Surface Properties of a Selective Dissagregation Model
Juan R. Sanchez (Dpto. de Fisica, Facultad de Ingenieria Universidad, Nacional de Mar del Plata Justo, Mar del Plata Argentina)

TL;DR
This paper reviews the physical processes involved in surface morphology formation, focusing on growth models that produce self-affine surfaces, and discusses the classification of these models based on their scaling exponents.
Contribution
It provides a comprehensive overview of discrete and continuous growth models and their classification into universality classes based on surface scaling properties.
Findings
Self-affine surfaces characterized by scaling exponents.
Growth models classified into universality classes.

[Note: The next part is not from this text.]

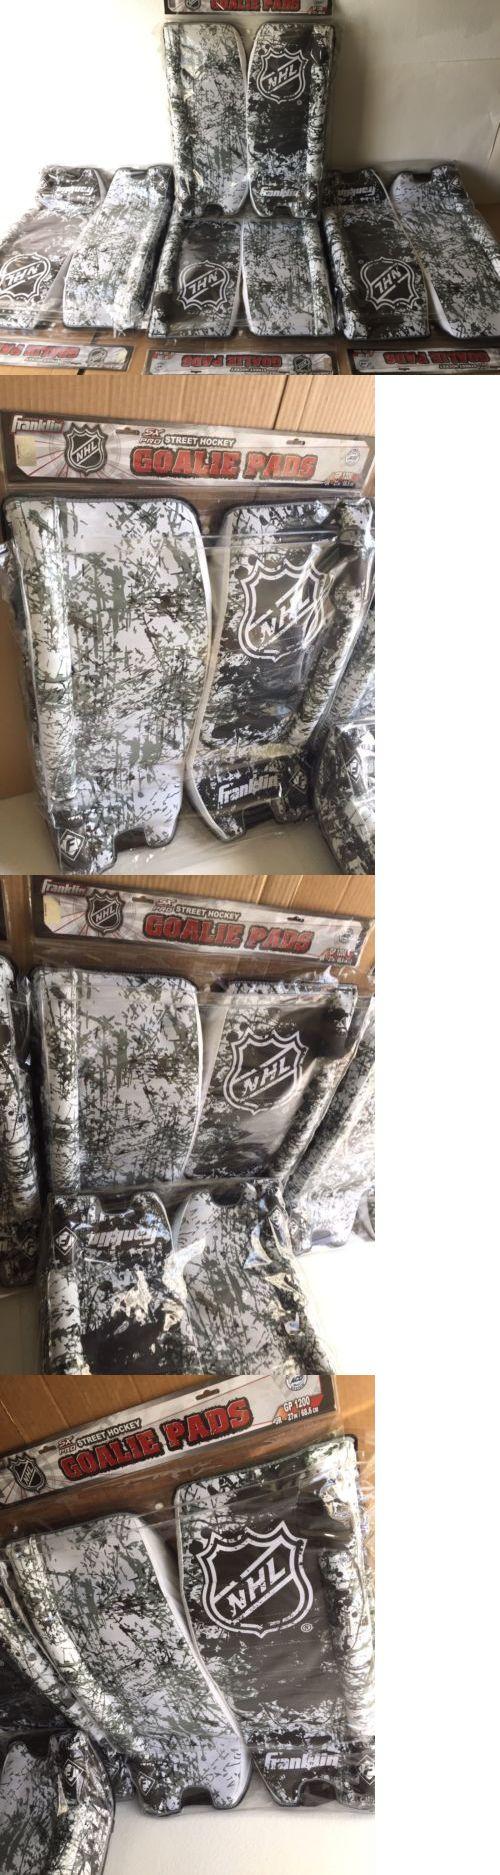 Leg Pads 79764: Street Hockey Goalie Pads, (Gp 1200 Jr-27In/68.5Cm) -> BUY IT NOW ONLY: $50 on eBay!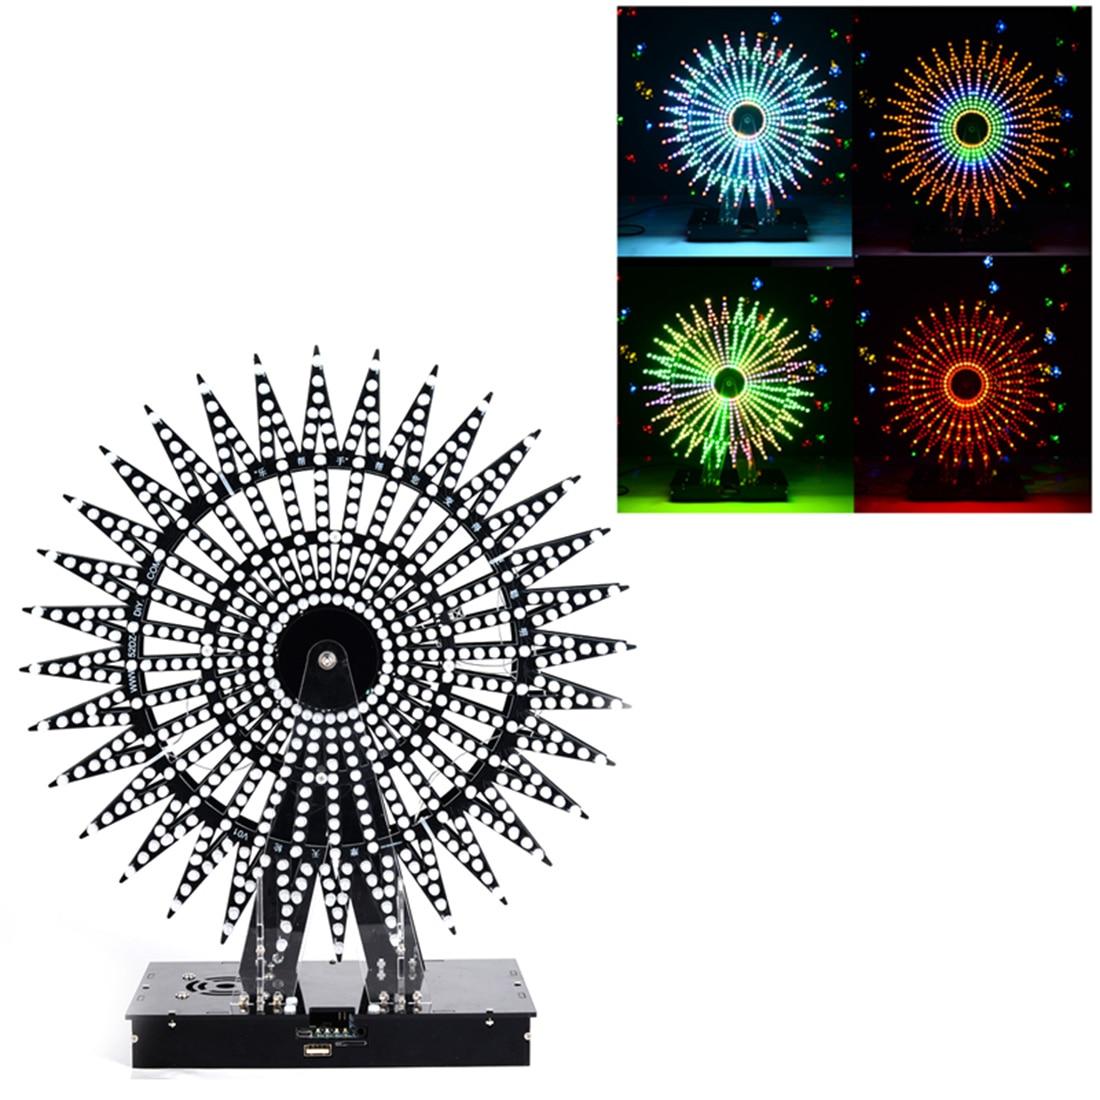 DIY Ferris Wheel Model LED Light Kit Remote Control Music Spectrum Electronic Kit 51 Single-chip LED Kit With Bluetooth Speaker

Differences in relaxation mechanisms affect surface morphology.
Abstract
There are three fundamental physical processes that gives rise to the morphology of a surface: deposition, surface diffusion and desorption. The characteristics of the interfaces generated by the combination of deposition and surface diffusion has been well studied during the past decades . In particular for growth models, particles are added to the surface and then are allowed to relax by different mechanisms. Many of this models have been shown to lead to the formation of self-affine surfaces, characterized by scaling exponents. From a theoretical point of view, the studies dedicated to the self-affine interfaces generated by growth models can be considered to follow two main branches. The studies about the properties of discrete models and the studies about continuous models. The first ones where dedicated mainly to the study of the properties of computational models in which the…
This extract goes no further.